Michael John Shehadie was found to have breached statutory provisions binding solicitors in relation to mortgages.
“In our view the respondent is continuing to have some difficulty in acknowledging his offences, and the risk to which they exposed others,” the tribunal said in relation to a misappropriation charge.
In one instance, Mr Shehadie, of Michie Shehadie & Co, was found to have directed the estate agent to deposit money into his practice’s trust account, before he transferred the money into his cash management account.
Though Mr Shehadie made no use of the money while it was under his control, the tribunal found he breached the purchaser’s right to have the deposit monies held in trust pending settlement and to receive the benefit of any interest earned during this period.
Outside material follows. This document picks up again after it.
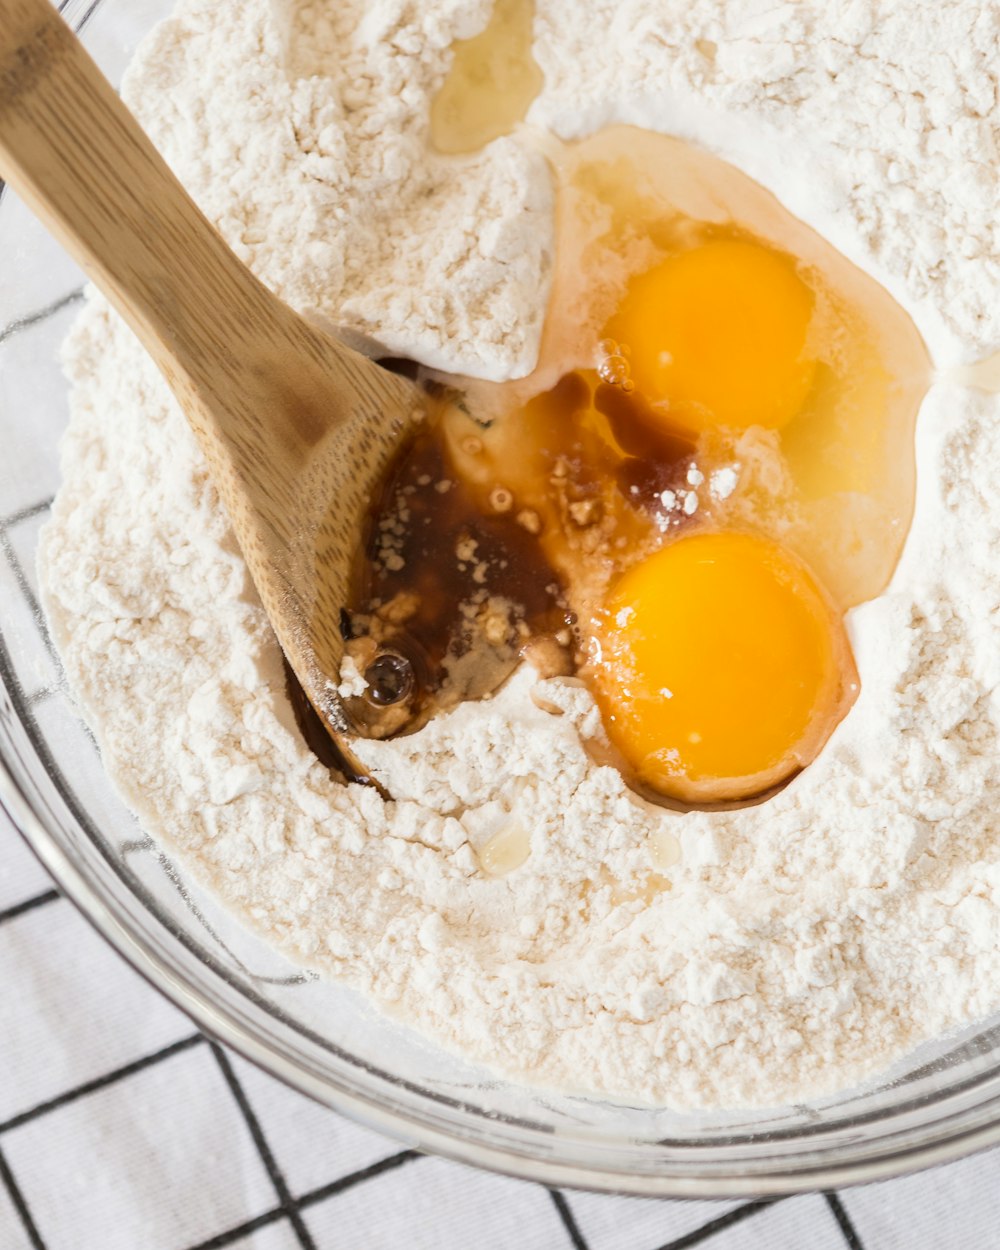 卵と小麦粉

Mr Shehadie admitted that in 2011 he acted in respect of a regulated mortgage, a breach of the Legal Profession Act 2004. In another case, he admitted that he failed in his obligation to give written notice to a client of the fidelity insurance risk she might face if she entrusted money to him.
He was charged with misappropriation over the same matter, but denied that he had behaved dishonestly.
“The conduct in which he engaged in not holding the deposit pending settlement in a trust account would be seen by reasonably minded, objective observers as dishonest,” the tribunal found.
The tribunal ordered that Mr Shehadie pay the law society’s costs, in addition to the $25,000 fine.